Fachlich auf schwachen Füßen stehend, nutzen die bürgerlichen Parteien dann die üblicher Weise in einem anderen politischen Spektrum anzutreffende Methode der Diffamierung des Gegners. Gleichgültig, in welchen grundlegenden Politikbereichen andere Meinungen vertreten wurden, der sachliche Diskurs, der die Schwäche eigener Positionen verdeutlicht hätte, wurde durch persönliche Diskreditierung und Ausgrenzung des Gegners umschifft.

Gerade wenn und weil die sachliche Auseinandersetzung mit Kritik aber fehlt, ist eine Verbesserung nicht möglich. Damit tendiert die Lernfähigkeit gegen Null, es wird unbeirrbar weiter verfahren wie zuvor. Die Unbeirrbarkeit und Unbelehrbarkeit auch bei Verhaltensweisen, die sich als erkennbar falsch herausgestellt haben, ist mittlerweile ein Markenzeichen der herrschenden politischen Klasse, welches durch die nur punktuelle Kritik einer ansonsten jubelnden Medienlandschaft verstärkt wird. Es ist ein Teufelskreis ohne Entrinnen.
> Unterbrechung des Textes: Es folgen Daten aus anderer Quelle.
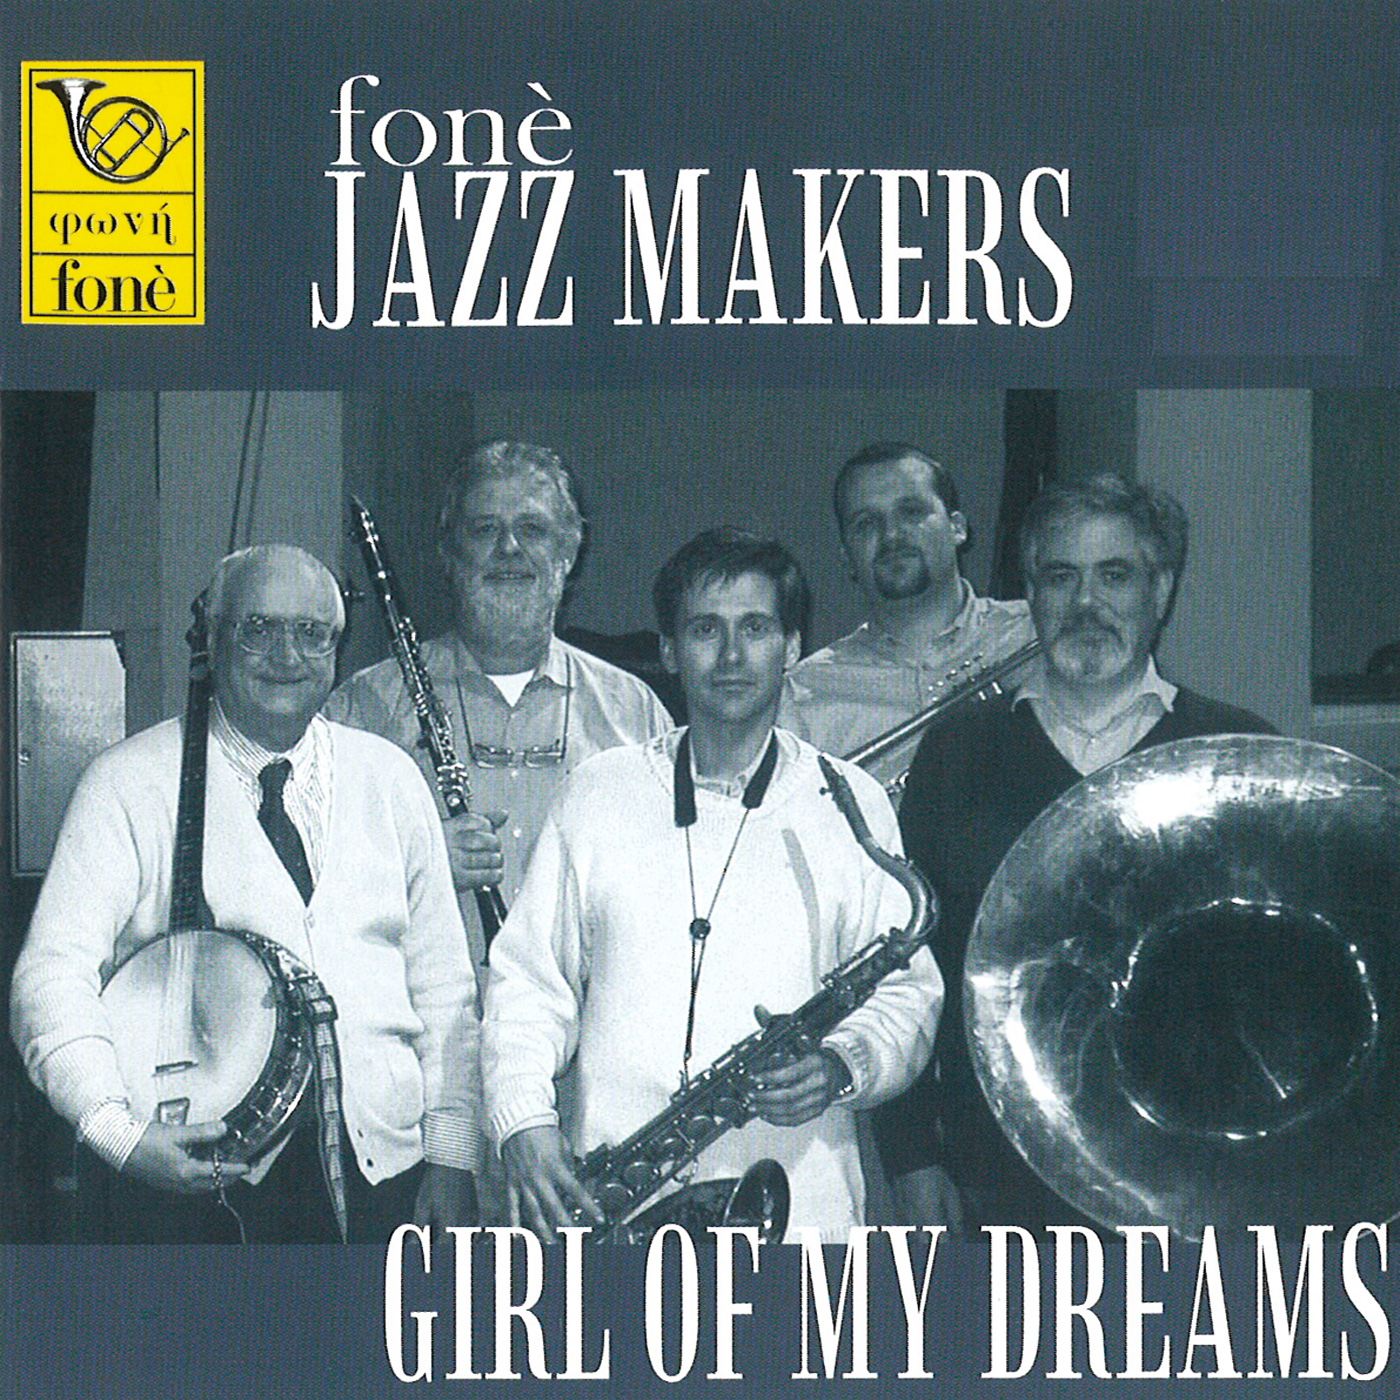 Fone Jazz Makers – Girl Of My Dreams (2001) SACD ISO + DSF DSD64 + Hi-Res FLAC

Der Dammbruch, die Diffamierung und damit Unterdrückung des politischen Gegners als Ersatz für einen auf Argumenten beruhenden Diskurs zu nutzen, verstärkte die Spaltung der Gesellschaft. Das gilt bekanntlich nicht nur für Deutschland, wir sind derzeit noch nicht einmal am Stärksten betroffen, aber dennoch auf dem besten Weg zum Punkt ohne Wiederkehr, an dem nur noch die Sprache der Gewalt spricht. Physiker an der Macht sollten das Wechselwirkungsprinzip des actio gleich reactio kennen. Je mehr Kräfte unterdrückt werden, desto stärker werden die Gegenkräfte.
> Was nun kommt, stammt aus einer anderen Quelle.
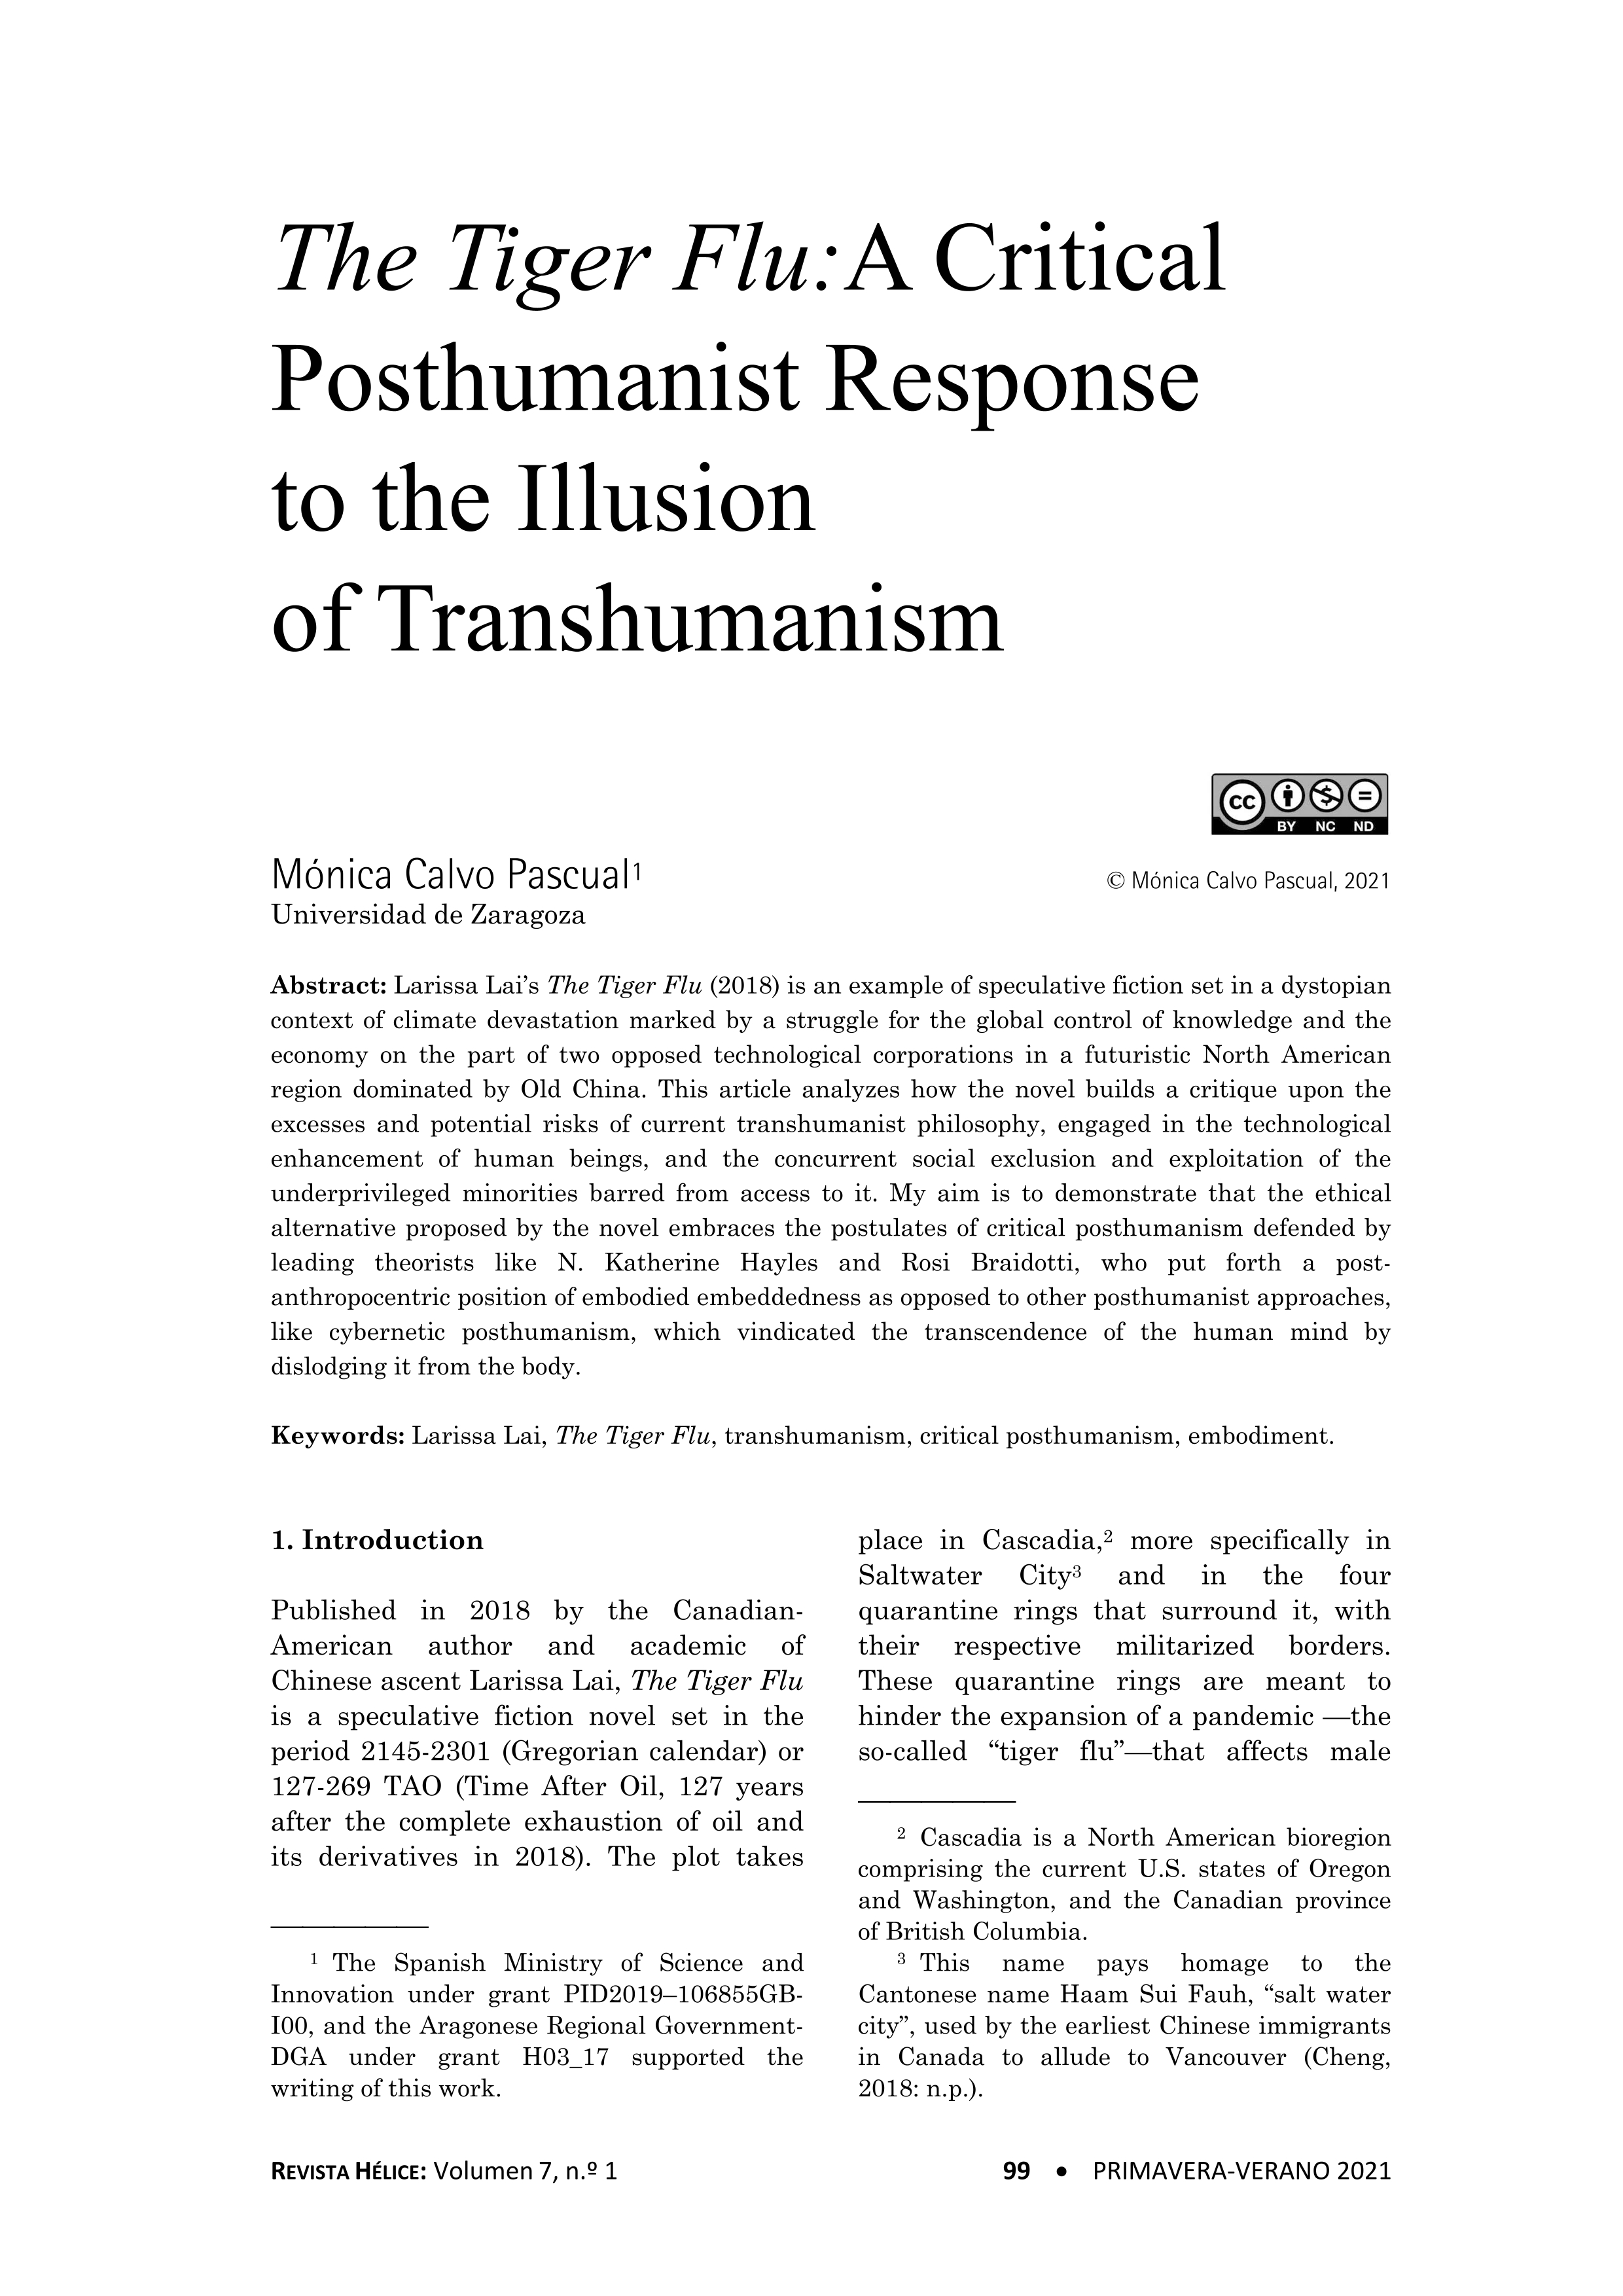 The Tiger Flu: a critical posthumanist response to the Illusion of transhumanism

Nahezu alle westlichen Gesellschaften erleben dieses Phänomen. Die Politik hat auf die Anforderungen der neuen Zeit keine Antwort, was sie unter reaktionären Verhaltensmustern verbirgt. Das überholte Links – Rechts Schema wird in Endlos – Schleife abgespielt, überall wimmelt es von Nazis, Rassisten und Sexisten: alle anderen hassen und hetzen, nur die Machthabenden sind erfüllt von der Milch der frommen Denkungsart. Dieses Ablenkungsmanöver verbirgt, dass die Regierenden zwar von Transformation reden, aber keiner wirklich genau weiß, wohin, geschweige denn wie. Zurück in die Steinzeit ist nicht jedermanns Sache.

Die Zentrifugalkräfte zeigten sich sehr deutlich beim Brexit, weiterer Höhepunkt ist der Umgang mit der Corona – Krise. Wieder werden alle Kritiker der Maßnahmen pauschal als Idioten oder Schlimmeres gebrandmarkt. Immer deutlicher treten die enormen Schäden der Corona – Maßnahmen zu Tage, immer deutlicher wird aber auch deren Wirkungslosigkeit. Gerade diejenigen, die sich ernsthaft um die Gefährdung der besonders schutzwürdigen Gruppen in der Bevölkerung sorgen, fühlen sich mehr als veralbert, wenn man sie dann auch noch als schlechte Menschen beschimpft. Da mittlerweile jede wissenschaftliche Grundlage der Lockdown – Maßnahmen verloren gegangen ist, nachdem erwiesen ist, dass damit keine wesentliche Reduktion des Infektionsgeschehens verbunden ist bzw. diese manchmal sogar kontraproduktiv wirken,

https://onlinelibrary.wiley.com/doi/epdf/10.1111/eci.13484,

wird sich der derzeitige Machtrausch der Politik möglicher Weise bald rächen.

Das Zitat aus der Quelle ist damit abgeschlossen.